National Good Neighbor Day

Posted On: September 28, 2022

Ebony Hall, Director of Marketing & Communications

Becky Mattson created National Good Neighbor Day in the ’70s. According to the day’s website, by 1978, then-President Jimmy Carter had issued a proclamation calling on people “to observe such day with appropriate ceremonies and activities.” Organizers believe “good neighbors make great neighborhoods.” The day is observed on September 28 each year.

The National Good Neighbor Day website offers several tips on being a good neighbor, but the first one is simple: “It starts with hello.” Organizers refer to this “connection” as the first pillar of the Good Neighbor Mindset. When is the last time you introduced yourself to a new neighbor or even an old one?

To be a good neighbor you have to know your neighbors

Most of us do not know our neighbors. A 2018 Pew Research study found that 57% of Americans know only some of their neighbors. Just 26% said they know most of them. That same study also revealed social events with neighbors are rare. Fifty-eight percent said they never meet their neighbors at “parties or get-togethers.” Researchers say income influences the frequency of events as 53% “of Americans with annual household incomes of $75,000 say they have these gatherings, compared with about a third (36%) of those with incomes below $30,000.”

Other findings include:

  • Sixty-six percent of those surveyed would feel comfortable asking to leave a set of keys with them for emergencies
  • Forty percent of rural residents know all or most of their neighbors. Compare that to 24% of urban and 28% of suburban residents.
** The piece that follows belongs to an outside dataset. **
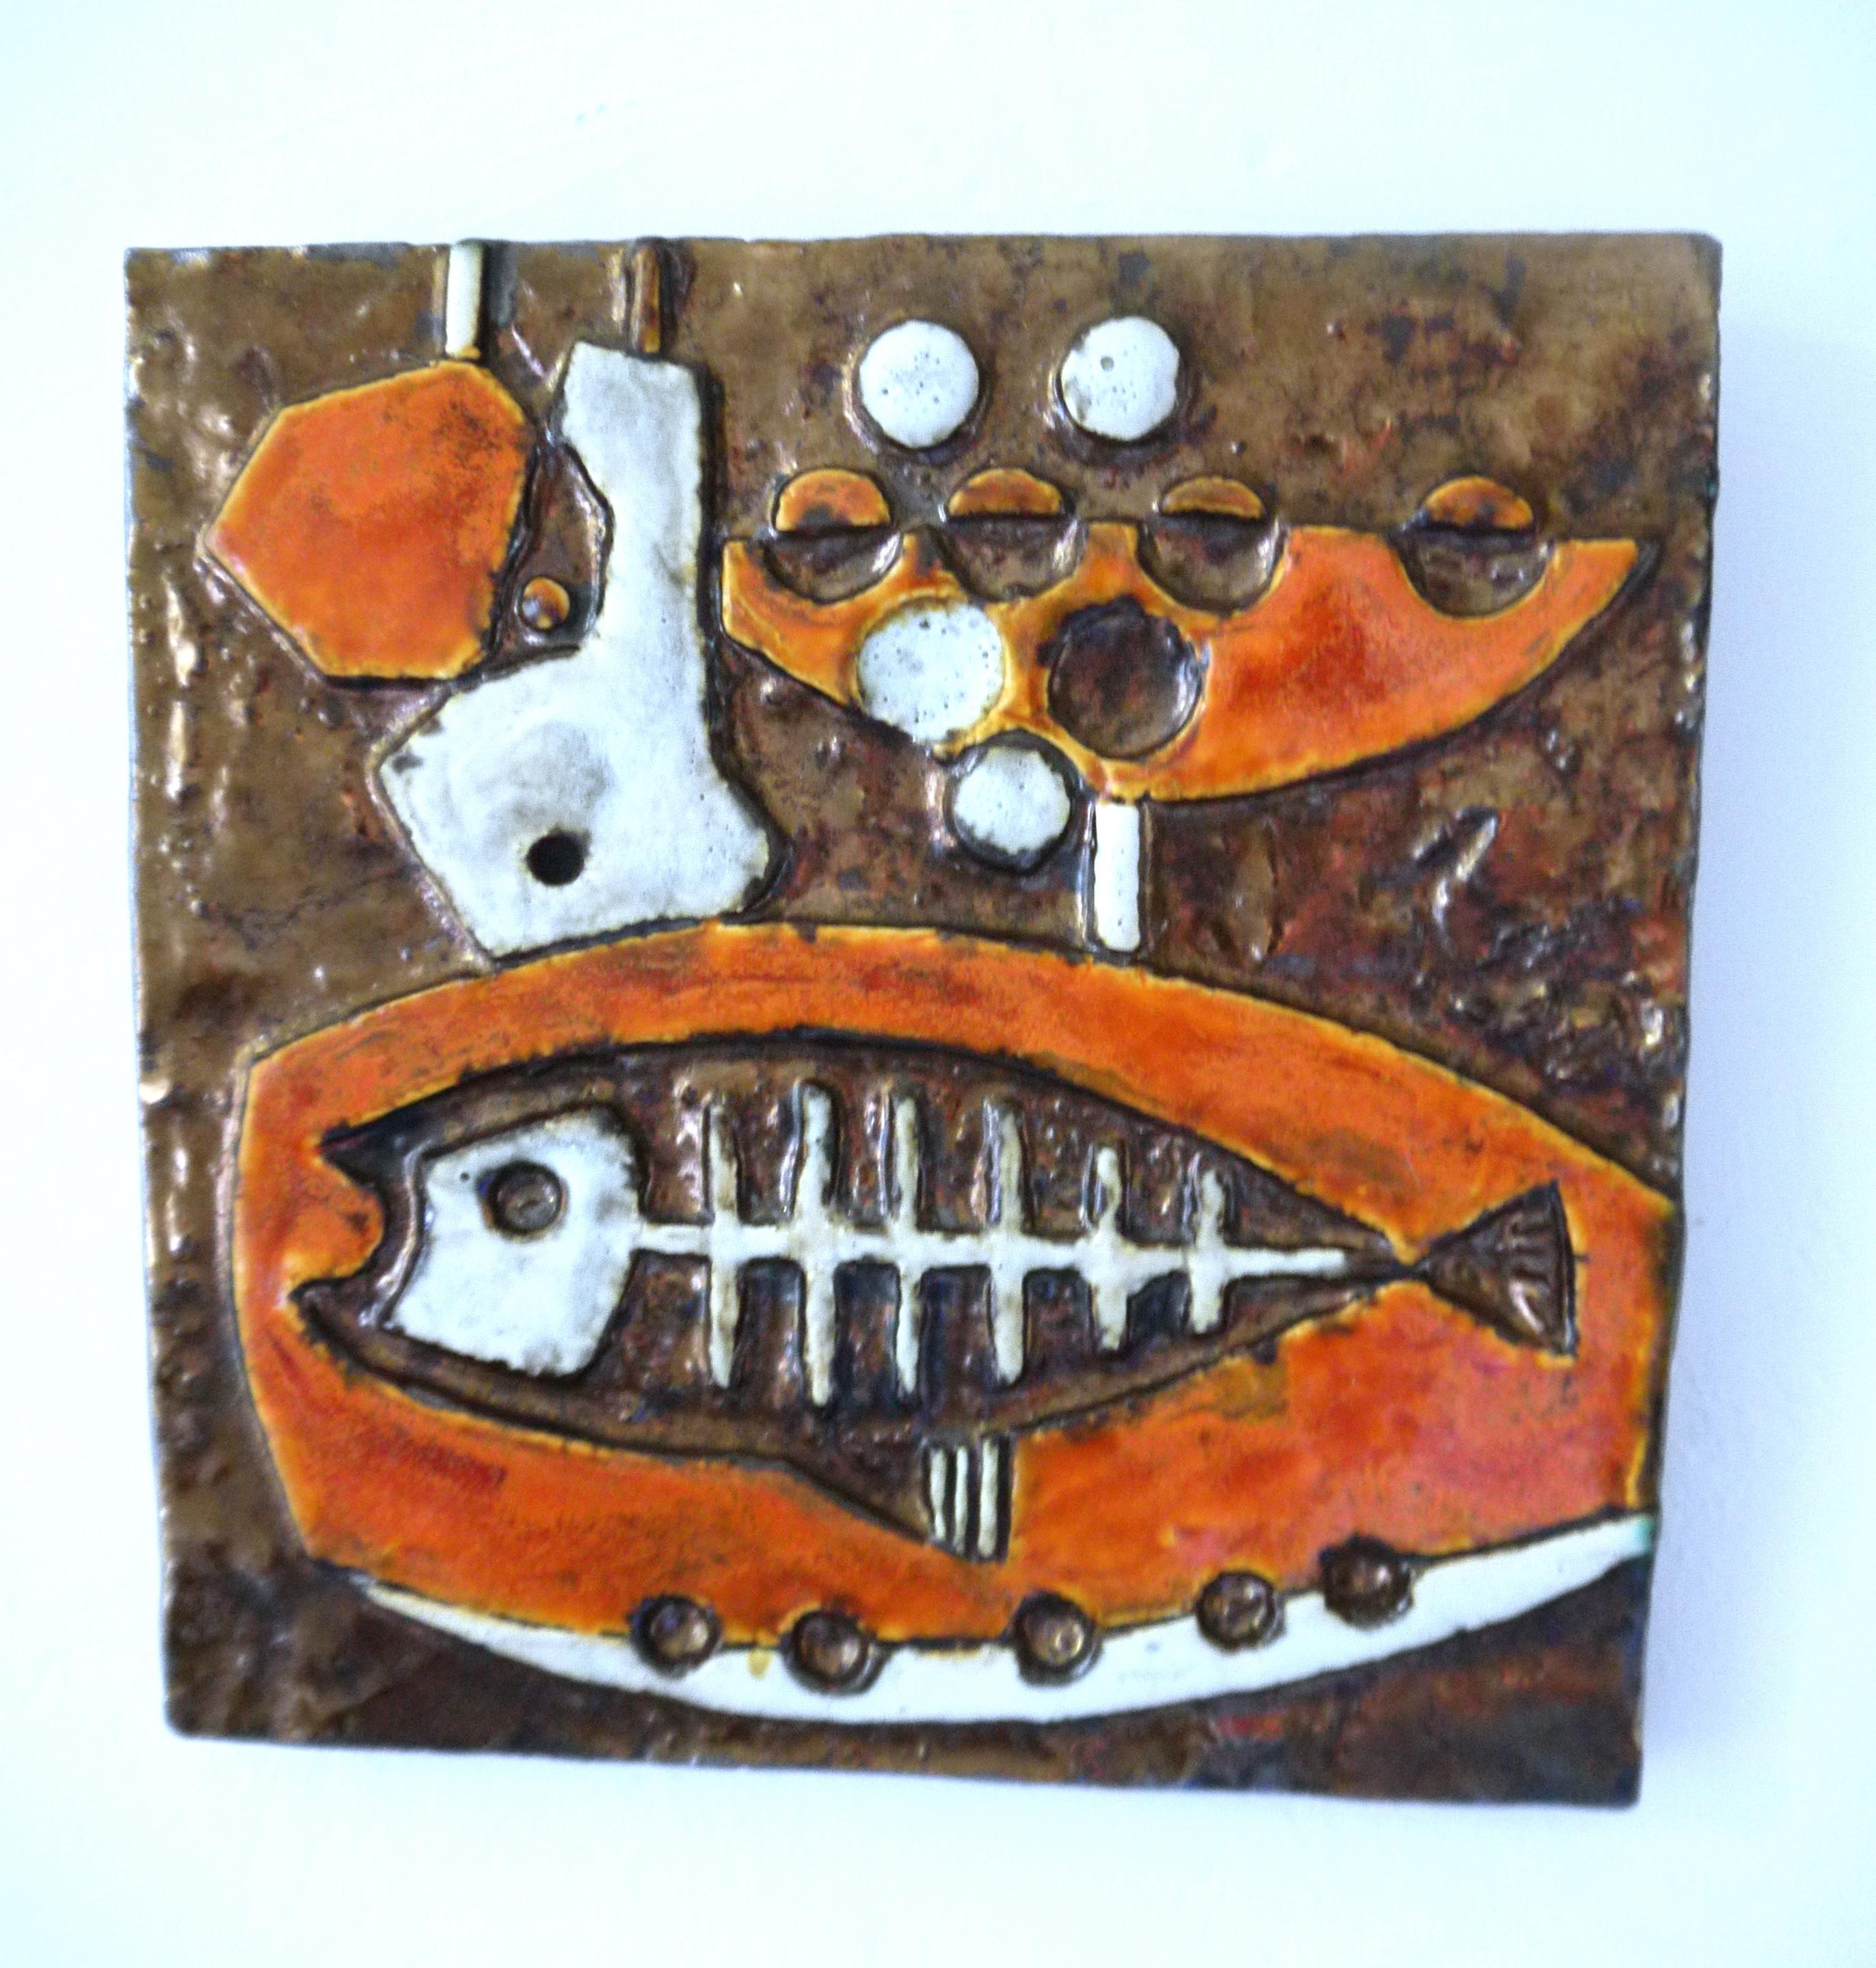 Modernist Ceramic Wall Plaques, Set of Three by Helmut Schaffenacker Late 1950s For Sale 1
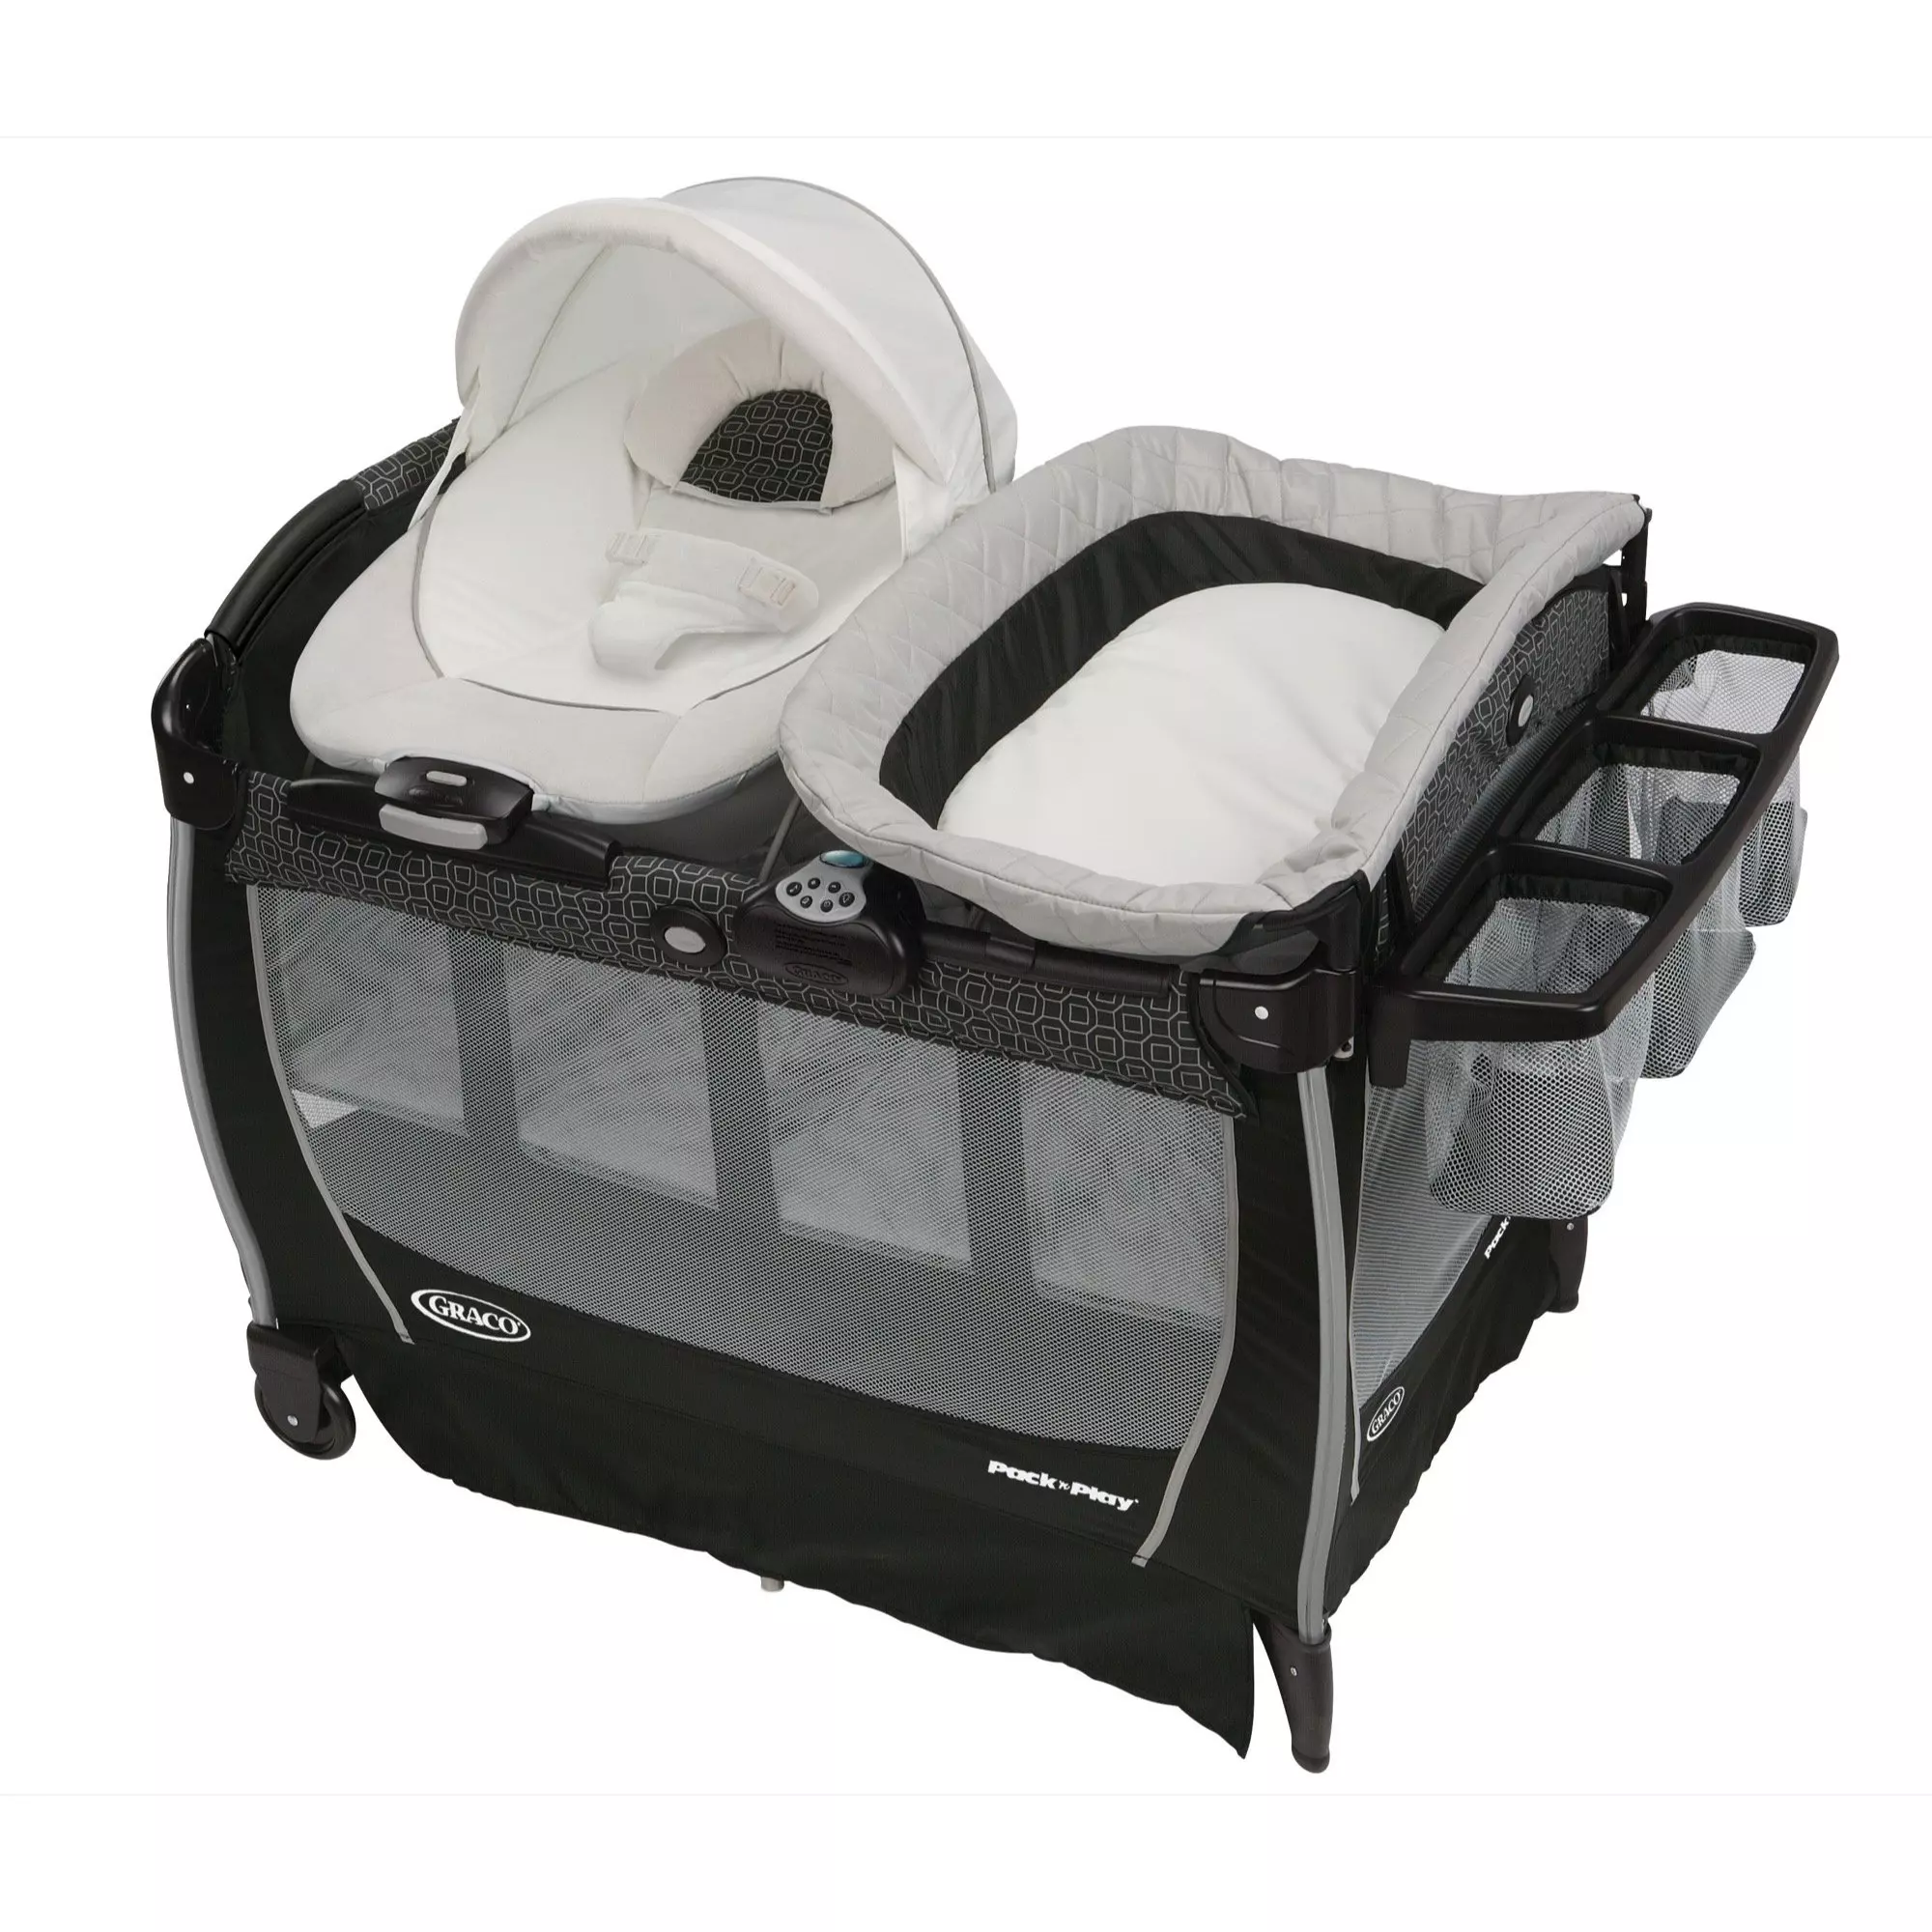 Graco Pack ‘n Play Playard with Cuddle Cove Removable Rocking Seat

National Good Neighbor Day presents opportunity

National Good Neighbor Day allows us to think about how we grow neighborly relationships. In addition to connection, “invitation” is the next “pillar” of the Good Neighbor Mindset. You could invite your neighbors to gather in an effort of “celebration,” the third pillar.

“When it comes to birthdays, anniversaries, or milestone moments.. don’t miss out on congratulating them.”

The fourth pillar is “awareness,” keeping “your eyes and ears open” for safety’s sake. The fifth and final pillar is being available.

“Availability is the highest benefit of good neighbors,” the website reads. “When needed, show up to help and support others living around you.”